Они помолчали, прихлебывая из кружек горячий, почти кипящий кофе.
Было темно, последней, ущербной, предрассветной темнотой, воздух над далекой речной ширью вибрировал все тем же заунывным, однообразно низким звуком, приводившим на память бубен, фильмы об Африке, мрачные негритянские тамтамы…
— Очевидно, каждый должен все пережить сам, — размышлял Олейничак вслух. — Пусть в сокращенной, приблизительной форме, но сам! Никто словам не верит… «Тоже против меня!» Нет, не могу, если б даже хотел. Ведь в вашем возрасте я был таким, как вы. Время тоже было горячее: девятьсот пятый год! Я был сторонником террора и боевых действий. Движение масс, сознательность, организация, дисциплина — нет, этого я недооценивал, считал чем-то хотя и безвредным, но слабым, этаким безалкогольным напитком… Участвовал в «Кровавой среде» — может, слыхали? — была во Влоцлавеке такая среда. Мы тогда убили полицмейстера и земского начальника. Потом были разные операции, ну и наконец нападение на Липновскую почту под Фабианками. Там нас казаки постреляли, моего товарища ранили в грудь, к счастью, доктор один, Хрустик, спас его…

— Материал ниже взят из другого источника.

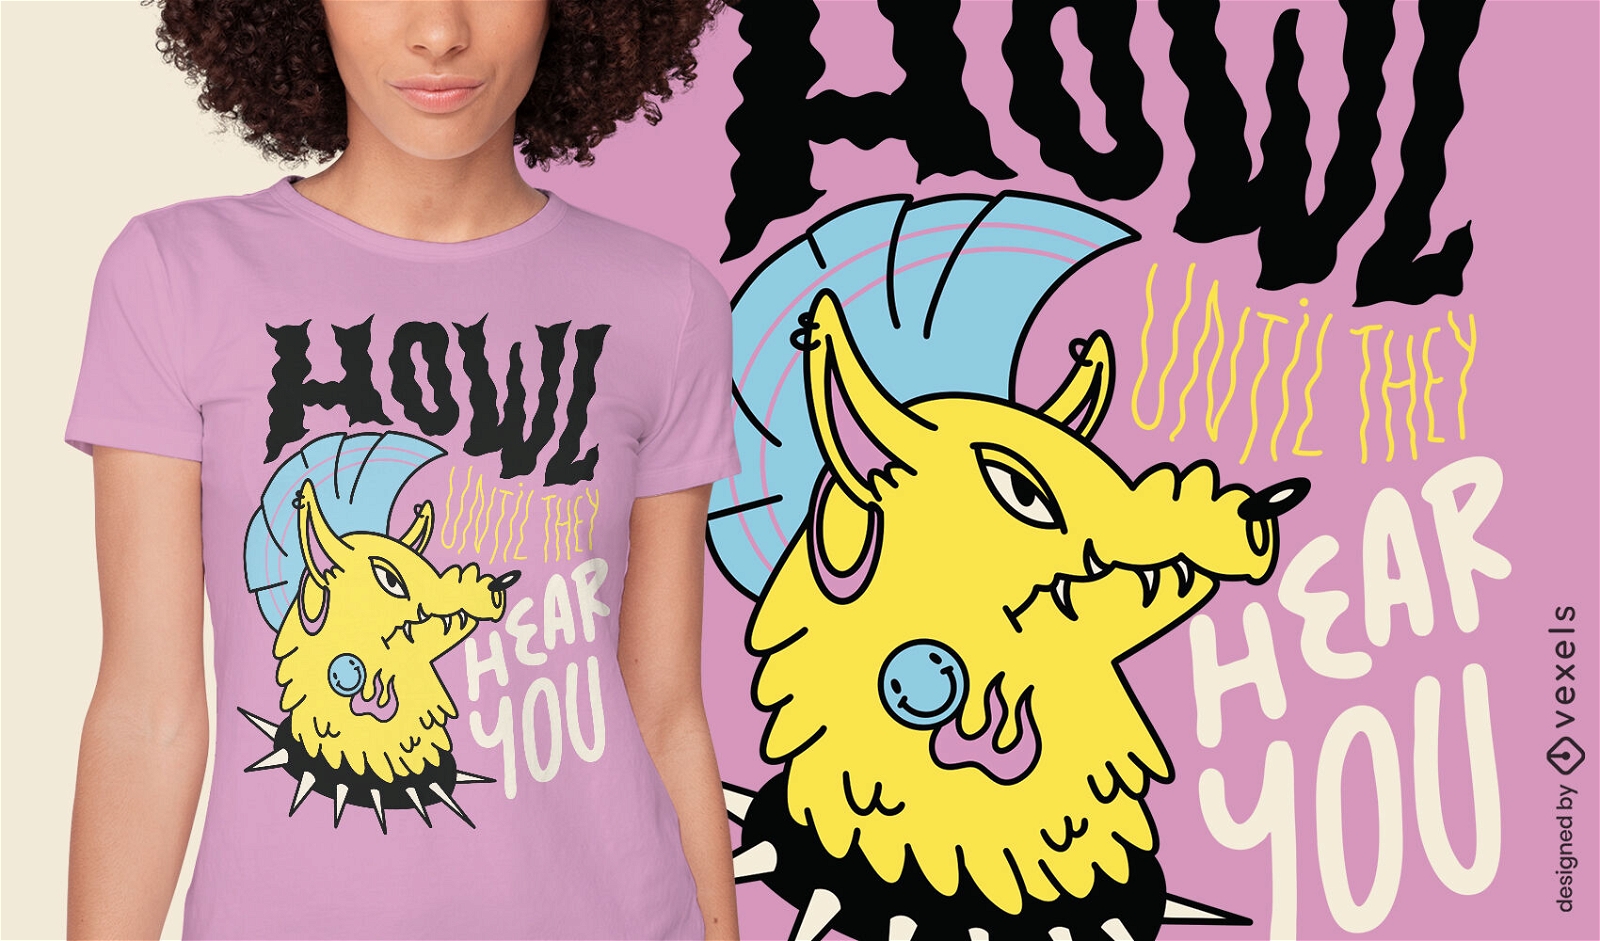 Punk wolf quote t-shirt design

— Длинный, как цапля, худой, в очках?
— Да. Вы его знаете?
— Знаю. Он меня лечил, когда я болел куриной слепотой. Живет рядом с нами, около Жекутя. Домик построил. Старый холостяк.
— Тогда вы и Доймы должны знать. С той поры помню, где-то за Жекутем. Белая усадьба на берегу Вислы, парк и фруктовый сад до самой воды — все графов Доймуховских.
— Усадьбы уже нет. В войну сгорела. А сад остался. Отцов свояк его арендует — стервец, каких свет не видал. Я бы их всех перестрелял!
— Это кого же?
— Доймуховских вот, с нашим свояком в придачу, Штейнхагенов и других. Всю буржуазию!
— Что ж, и у меня были когда-то подобные настроения, но я вовремя понял, что это ложный путь. Гомбинский тоже начал со стрельбы, он же Сумчака убил из мести. А как он кончил? И здесь иного исхода быть не может: либо ты поймешь, что в одиночку ничего добиться нельзя, либо покатишься по наклонной плоскости вниз… Подкиньте-ка лучше дровишек в огонь.
Щенсный убрал ненужный уже треножник, принес фашины. Пламя вспыхнуло снова, освещая сгорбленную фигуру с высоко торчавшими коленями и лицо у самых коленей.
— У вас нарушено равновесие.
Это прозвучало по-медицински, как диагноз.
— Что вы имеете в виду? Что я неловкий, что ли?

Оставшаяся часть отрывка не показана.